Wake Up Sleepyhead
In this world, there are essentially three groups of teenagers: the ones that need no sleep, the ones who need all the sleep, and the ones who ping-pong between the two categories depending on the day.
Peter Parker was in the last category.
He was at Avengers HQ for a long weekend. Tony Stark—the Tony Stark!—had picked him up in a shiny orange convertible just after school on Friday. The plan was that Peter would sleep over two nights in the Commons dormitory, get as much training in over the weekend as he could, and be back in Queens to have dinner with May on Sunday night.
At least, that was the plan.
He was just too excited to sleep.
Sunday morning saw him pop out of bed at 6:30. The sun wasn't up yet, so he waited for it, watching Youtube videos on his phone while hanging upside down from a thread of webbing on the ceiling. Half an hour later at 7:00, he threw his slippers at the alarm clock to turn it off. By 7:30, he was showered, dressed, brushed, combed, and cologned, and enough people were awake that he didn't feel bad running around the HQ in an excited frenzy.

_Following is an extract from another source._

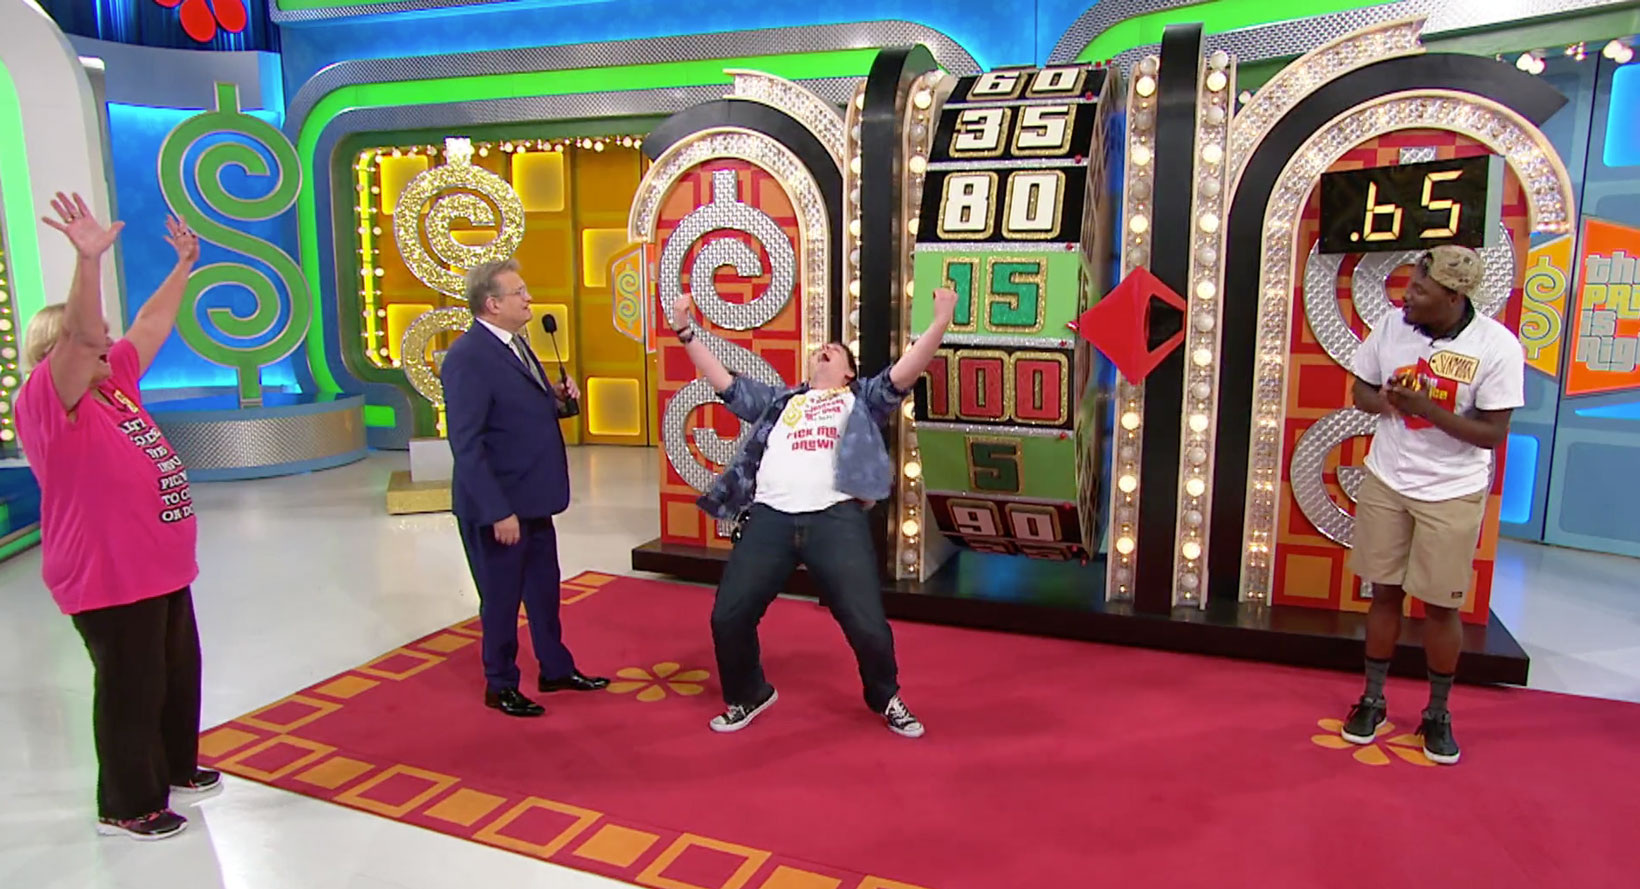 Premature Celebration on The Price is Right | Sean Patrick O'Leary

Sure, he'd only gotten to sleep at like 3:00 in the morning last night and he was probably gonna crash at some point, but gosh darn it he'd chugged a Redbull and inhaled a bagel heaped with Nutella and he was gonna ride this buzz in his head for the whole day until he crashed and fell on his face and exploded into flames.
Everybody else seemed sluggish. It was kinda hilarious to see so many superheroes with bedheads. Even the Black Widow's hair was kinda frizzy. He didn't even know it could do that.
"Where's Mr. Steve?" he finally asked. It was 8:00, time to start drills, and despite all the faces he'd seen, Captain America wasn't one of them.
Clint Barton—aka Hawkeye, aka The World's Greatest Marksman, aka purveyor of bad jokes and puns—shrugged one shoulder as he bent over his coffee. "No idea." He looked up at the ceiling. "JARVIS?"
A crisp British voice immediately answered out of nowhere. Peter jumped. Right, right, robot voice in the ceiling. He really needed to get used to that.
"Captain Rogers is asleep in his quarters," said JARVIS.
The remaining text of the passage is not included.